Horizon Discovery, Rutgers Join Forces for Gene Editing

January 28, 2019
Pharmaceutical Technology Editors
Pharmaceutical Technology's In the Lab eNewsletter
Volume 14, Issue 2

Horizon and Rutgers University will partner to develop and commercialize new gene editing technology for therapeutic and research applications.

On Jan. 28, 2019, gene editing company Horizon Discovery Group announced that it has entered into an exclusive strategic partnership with Rutgers, The State University of New Jersey, to develop and commercialize a gene editing technology known as base editing.

Under the partnership, Horizon and Rutgers will further develop the base editing platform from the laboratory of Dr. Shengkan Jin, associate professor of pharmacology at Rutgers Robert Wood Johnson Medical School. As part of the agreement, Horizon has made a non-material payment to Rutgers for an option to exclusively license the base editing technology for use in all therapeutic applications. Horizon will also fund further research in base editing at Rutgers while undertaking evaluation and proof-of-concept studies at Horizon. According to Horizon, the technology has potential applications in the development of new cell therapies and will expand the company’s research tools and services.

Base editing is a technology platform for engineering DNA or genes in cells that has the potential to correct errors or mutations in the DNA by modifying genes using an enzyme. Horizon reports that compared to currently available gene editing methodologies such as CRISPR/Cas9-which creates ‘cuts’ in the gene that can lead to adverse or negative effects-this new technology allows for more accurate gene editing while reducing unintended genomic changes. The technology is expected to have a significant impact in enabling cell therapies to be progressed through clinical development and towards commercialization.
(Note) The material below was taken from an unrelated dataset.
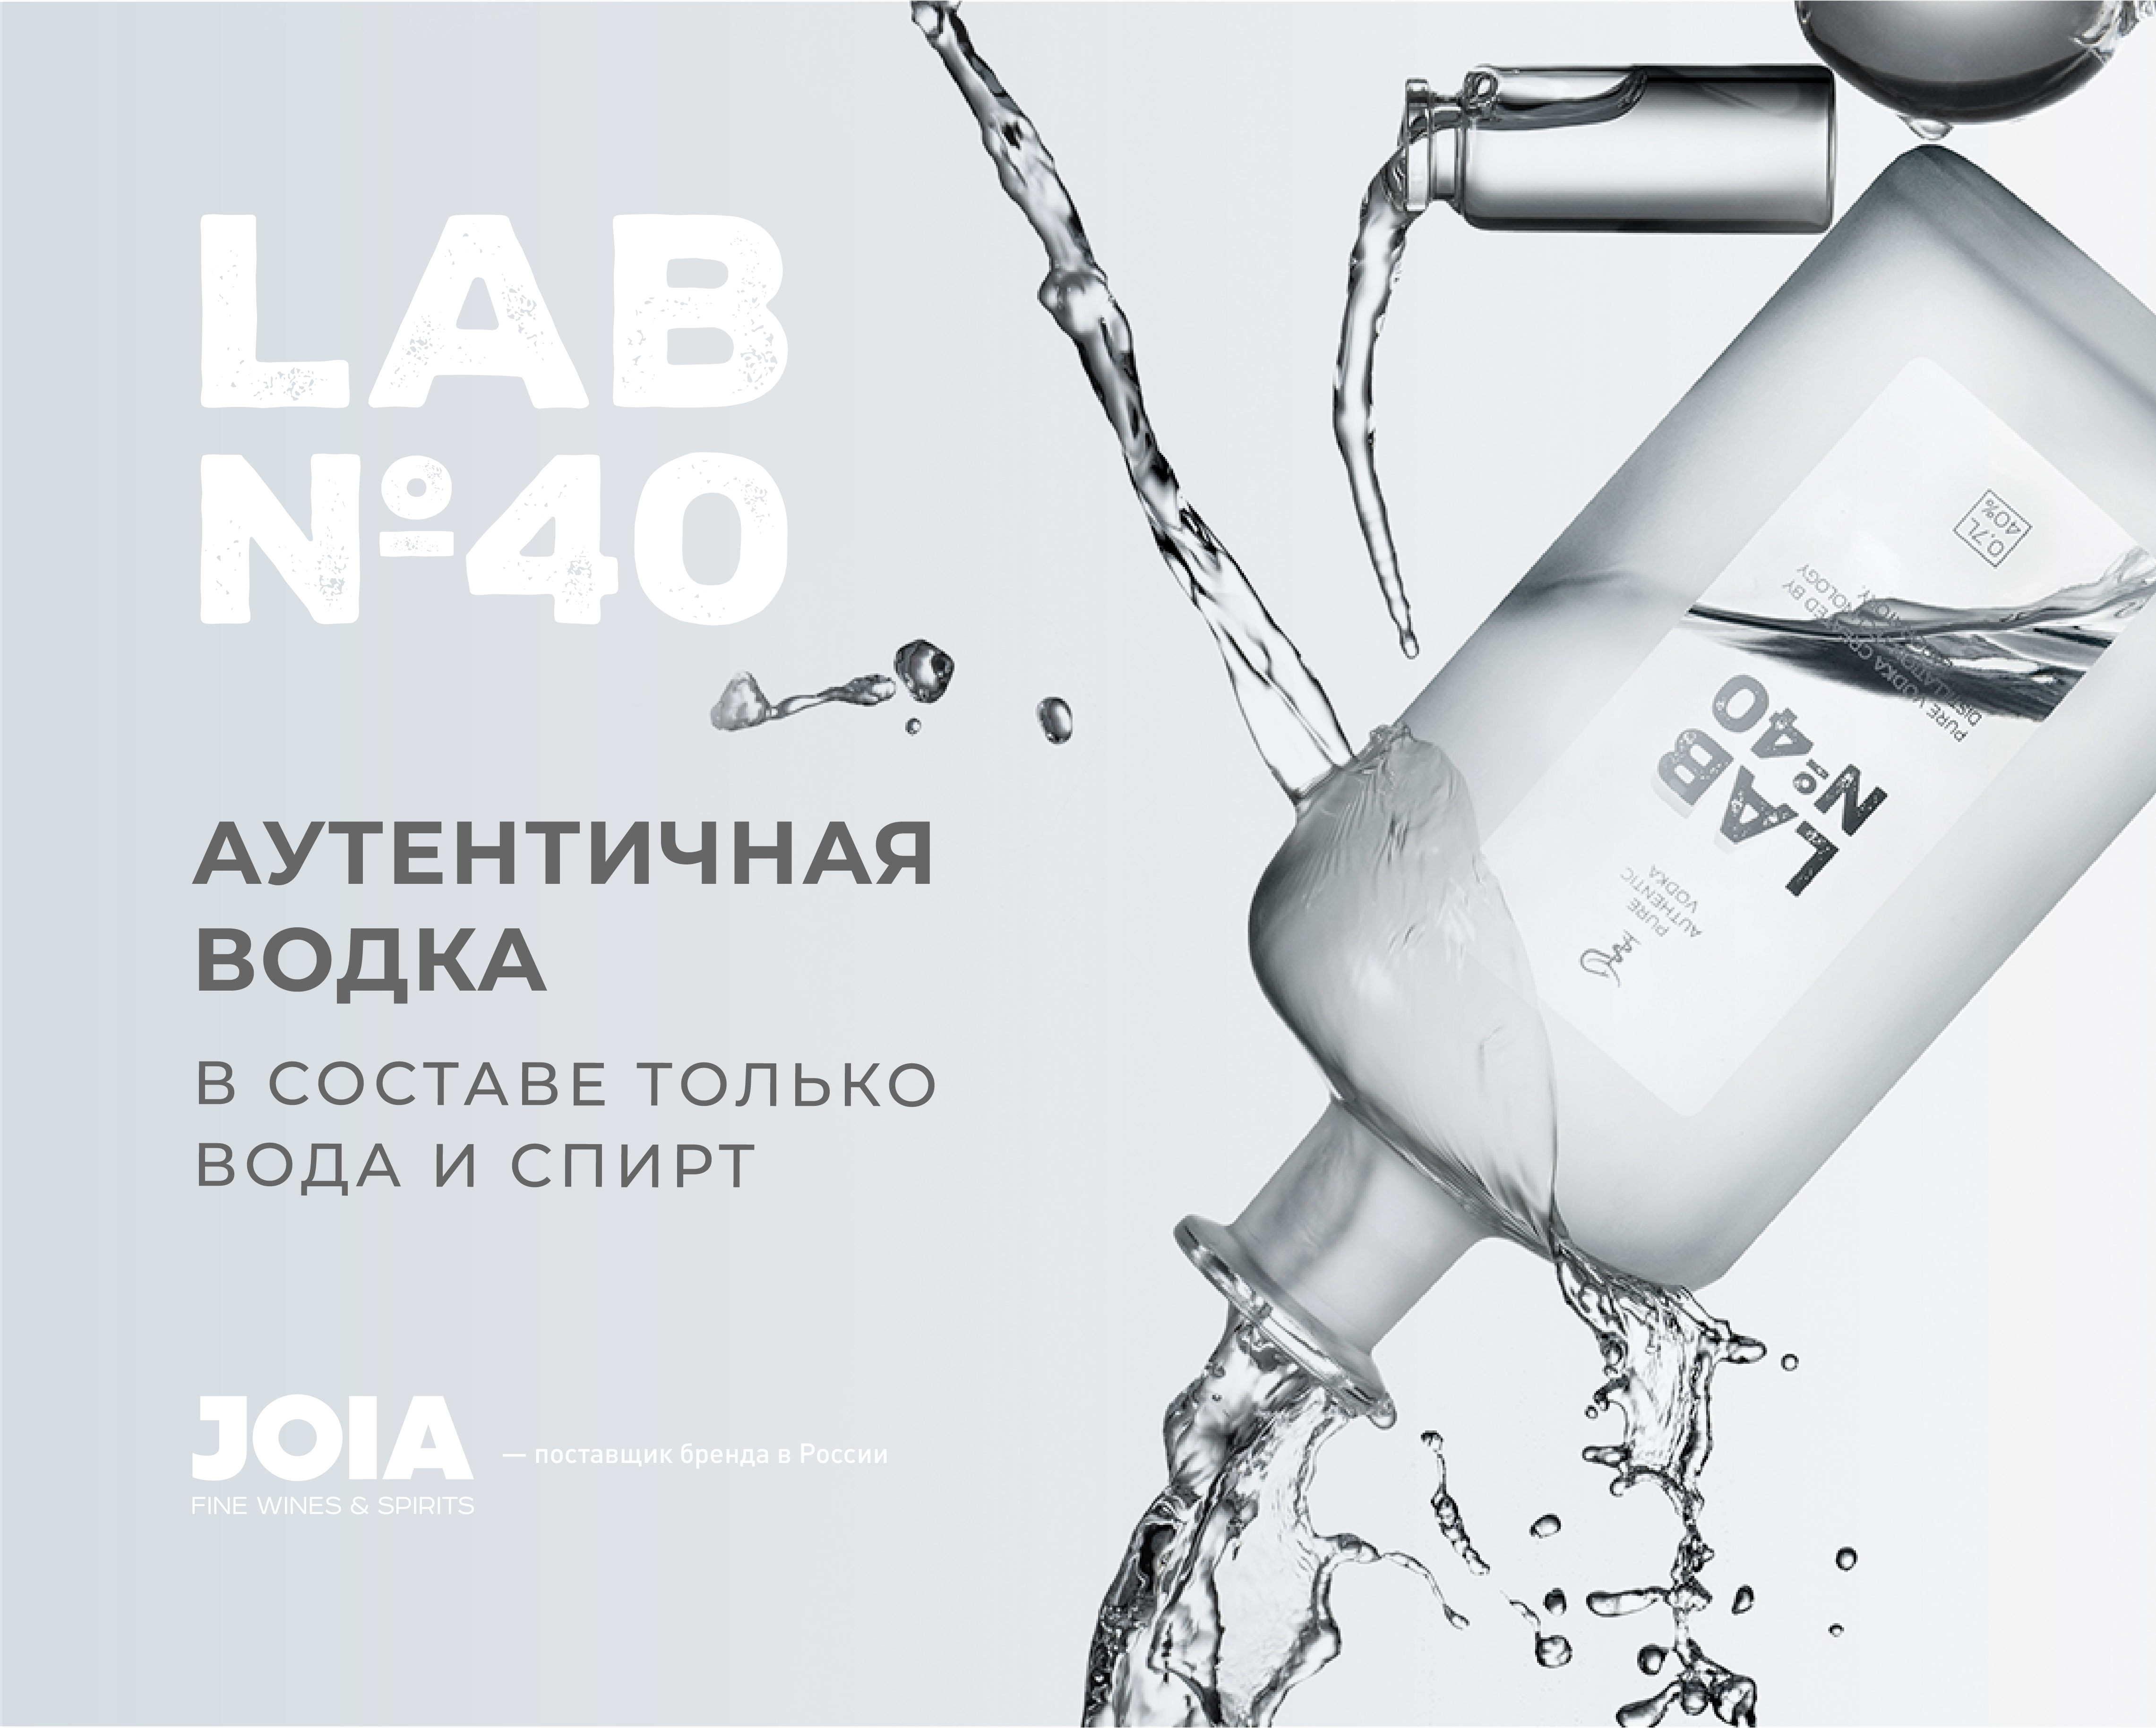 Lab 40

“The cytidine deaminase version of the technology alone could potentially be used for developing ex-vivo therapeutics such as gene-modified cells for sickle cell anemia and beta thalassemia, HIV-resistant cells for AIDS, and over-the-shelf chimeric antigen receptor [CAR]-T cells for leukemia, as well as in-vivo therapeutics for inherited genetic diseases,” Dr. Jin stated in a company press release. “The potential is enormous. In addition to the ‘simple’ diseases caused by a single genetic alteration event, the therapeutic strategy, in principle, could also be useful for treating diseases where permanently targeting a disease-related gene is beneficial.”